Sometimes our seasons overlap.  Fall is part of winter and winter has bouts of being Spring.

Friends from Kentucky, Mike and Debra, came for a short visit to escape what is real winter in Kentucky.  A walk on Egans Creek gave a nice revisit of our Fall Colors which don't ever seem to come until Christmas and then it is in dribbles.  Some things turn on cue others just seem to be in a state of indecision will I or won't I, is it or isn't it...but on the Greenway was some pretty colors of Fall even though by most calendars, Fall was long gone.

When Mike comes to visit fishing is always in our future.  This day was a very breezy one on Fort Clinch's fishing pier, and the clouds changed so quickly that you would think you were watching one of those time lapse videos condensed into a few minutes what occurred over hours or days.  The sail boat seemed to attempt to copy the whites of the clouds as the wind sent it on its way.

This is what is called by many a herring sky with clouds that resemble the scale patterns on a fish but that was short lived as the upper level winds began to stir it up into a whole different pattern.

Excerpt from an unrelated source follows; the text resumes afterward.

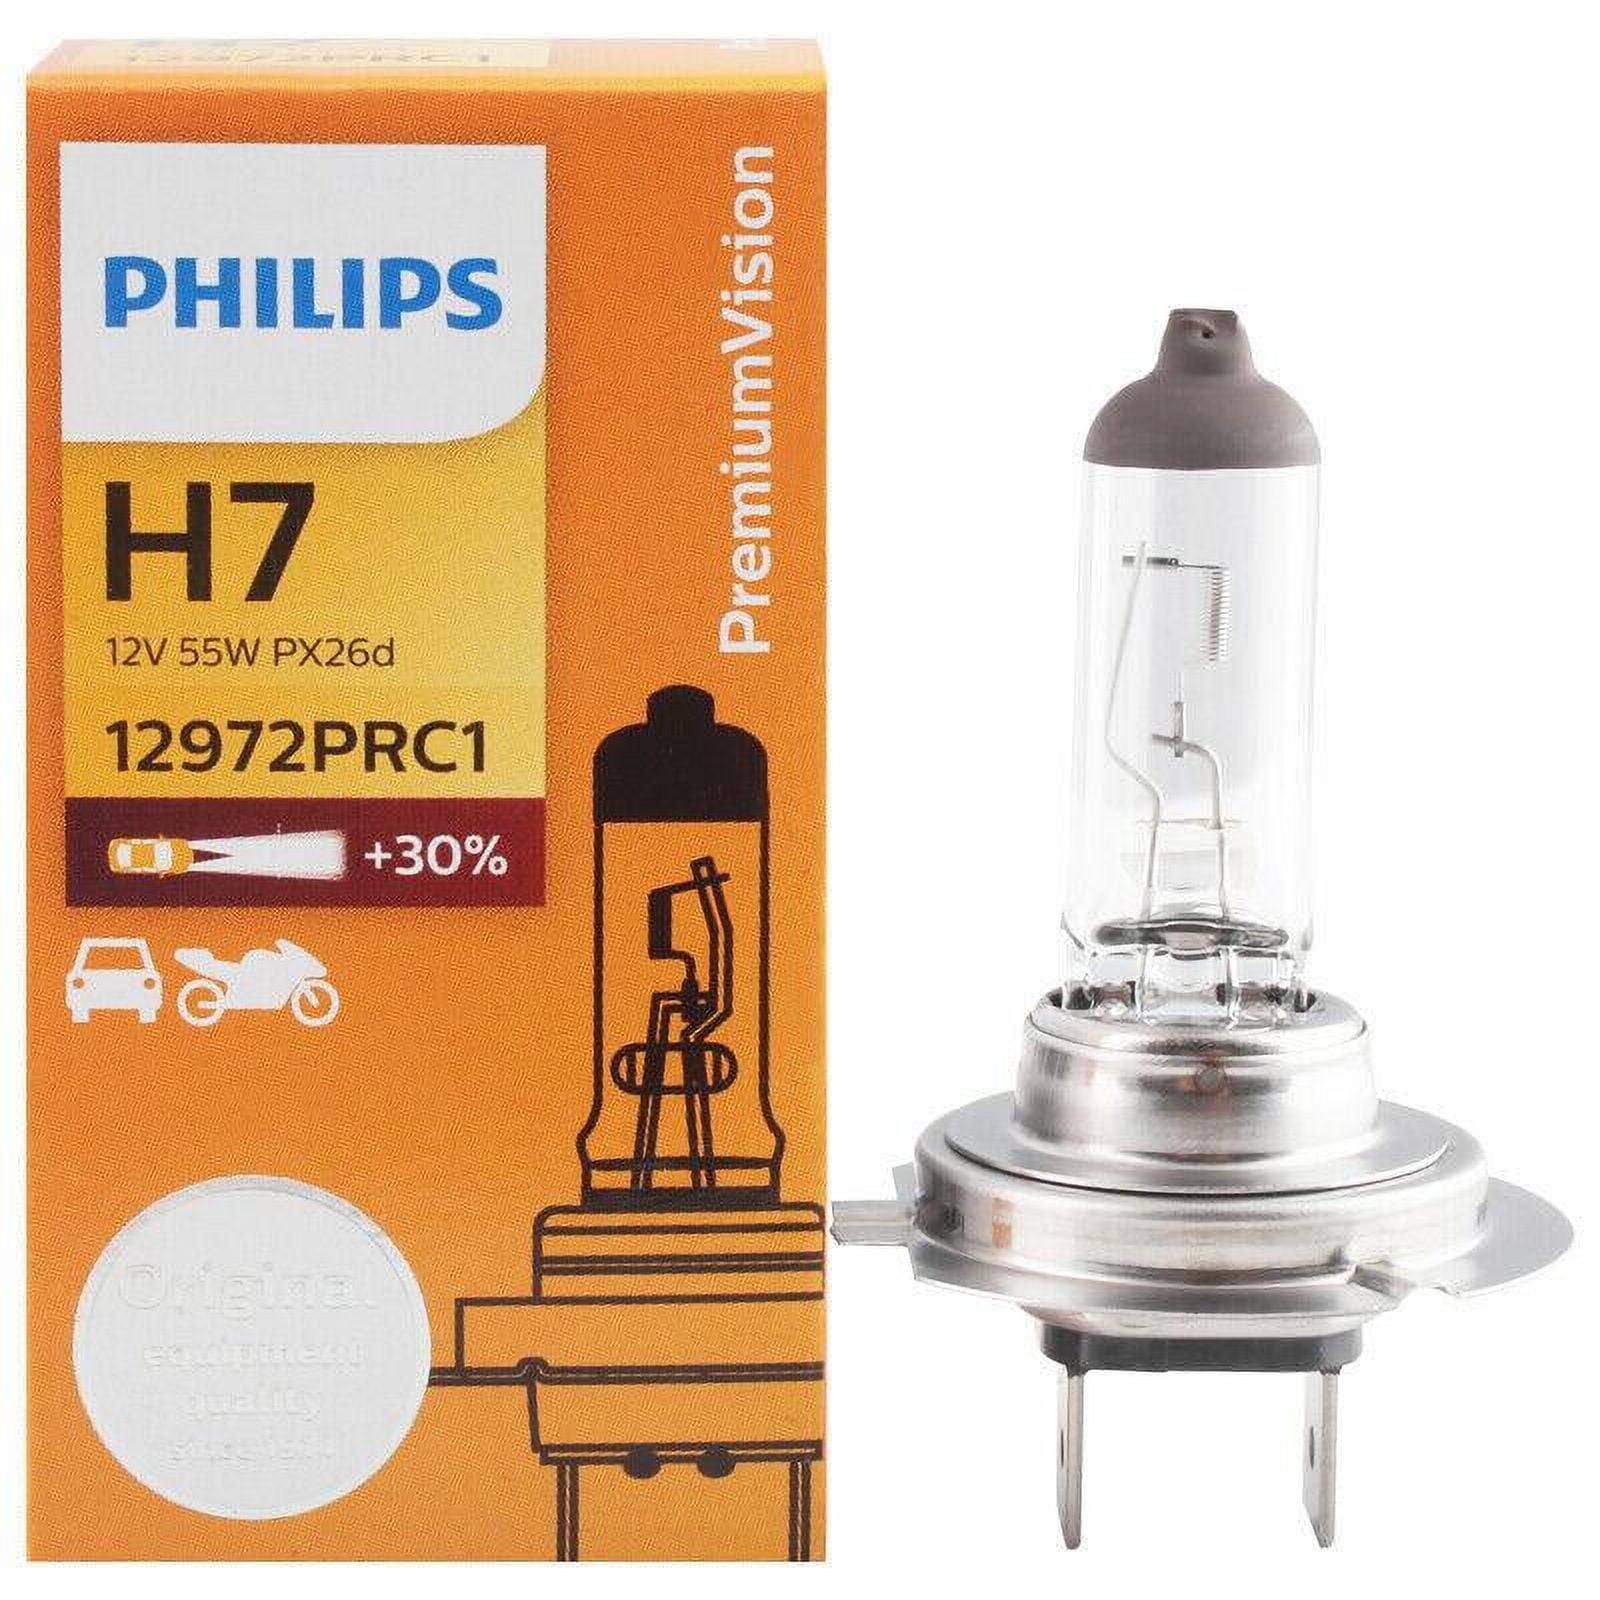 H7 Philips Premium Vision +30% 12V 55W

The Pelican was grabbing a solid place to rest with less wave action.

Also on our agenda was a trip to The Alligator Farm because of all the critters that Mike and Debra love most, excluding their Basset Hounds, are Alligators.  They were patient enough to even endure having to listen to me give a Power Point Presentation which was conveniently on our way.

We were a bit early for the nesting to begin so it really was a trip to see the Alligators, which is unusual for me since I usually only go for the birds.  There were some birds and I got to watch this Little Green Heron practice his fishing skills as he crept quietly and slowly to the edge of the water where the fish were waiting.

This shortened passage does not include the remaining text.